Sounds logic enough :-p
It just exposes I had a stupid idea when I wrote this set_row_name in the first place. And I guess it's only fitting that I clean my own mess. Please comment the code from mip.py you need to make your patch run and pass doctests, and I'll change what is needed there when dealing with Coin and CPLEX !
Nathann
part3 passes doctests for me. However, so far it simply ignores names.
PS: Can you give me some examples which take about 1 minute to compute with GLPK from the graph module?
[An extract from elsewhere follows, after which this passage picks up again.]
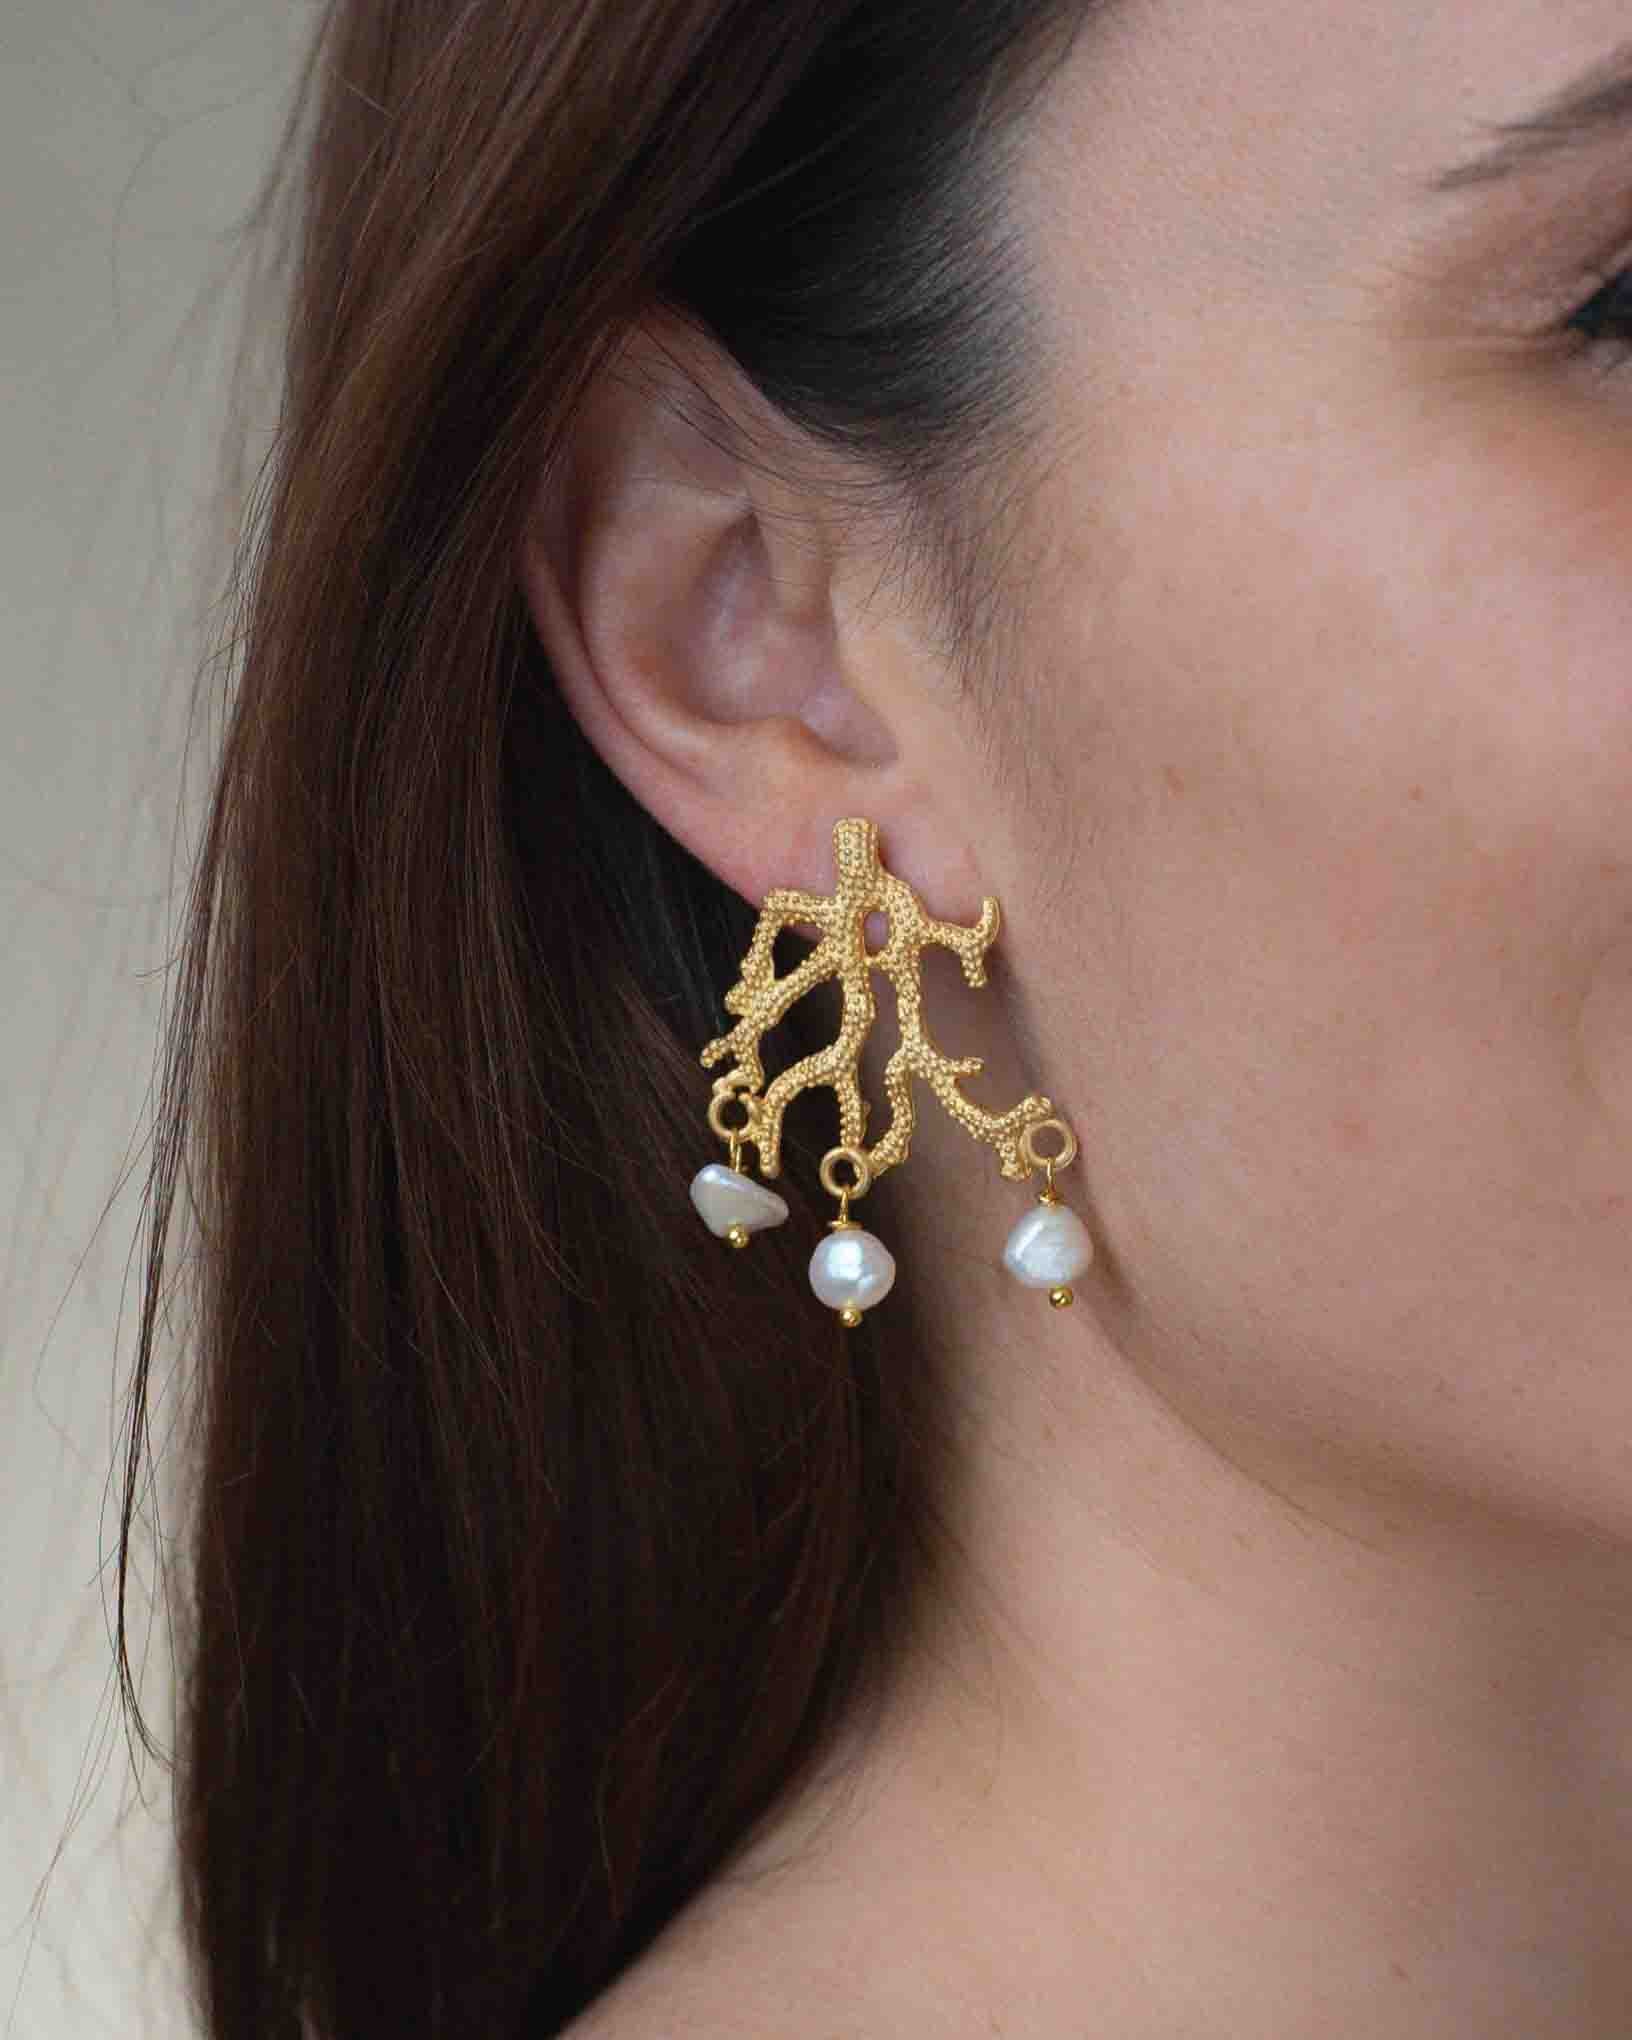 Ohrring Corallo Bianco aus der Kollektion Perle e Coralli von Donna Rachele Jewelry

I want to test the performance of the SCIP solver for those.
Oh ! To compare performances, you could just try a sage -t on graph.py digraph.py and generic_graph.py.
I guess the performances would then depend on the kind of problem : all the solvers I tried until now are just awful for the minor method :
sage: %time graphs.Grid2dGraph(5,5).minor(graphs.CompleteGraph(4), solver = "GLPK")
CPU times: user 10.59 s, sys: 0.01 s, total: 10.60 s
Wall time: 10.62 s
{0: [(1, 3), (1, 2), (3, 3), (4, 4), (1, 4), (2, 3), (3, 4)], 1: [(2, 1), (2, 2), (3, 2), (4, 2), (2, 0)], 2: [(0, 0), (1, 0), (0, 1), (0, 2)], 3: [(1, 1)]}
The methods raises an exception when 4 becomes 5, which is natural as the problem has no solution, but it takes one lifetime to get this answer from GLPK. If SCIP can get it quickly, that's just a miracle :-D
Another problem of the same kind :
n = 7
graphs.Grid2dGraph(n,n).disjoint_routed_paths([((0,0), (n-1,n-1)), ((0, n-1), (n-1, 0))])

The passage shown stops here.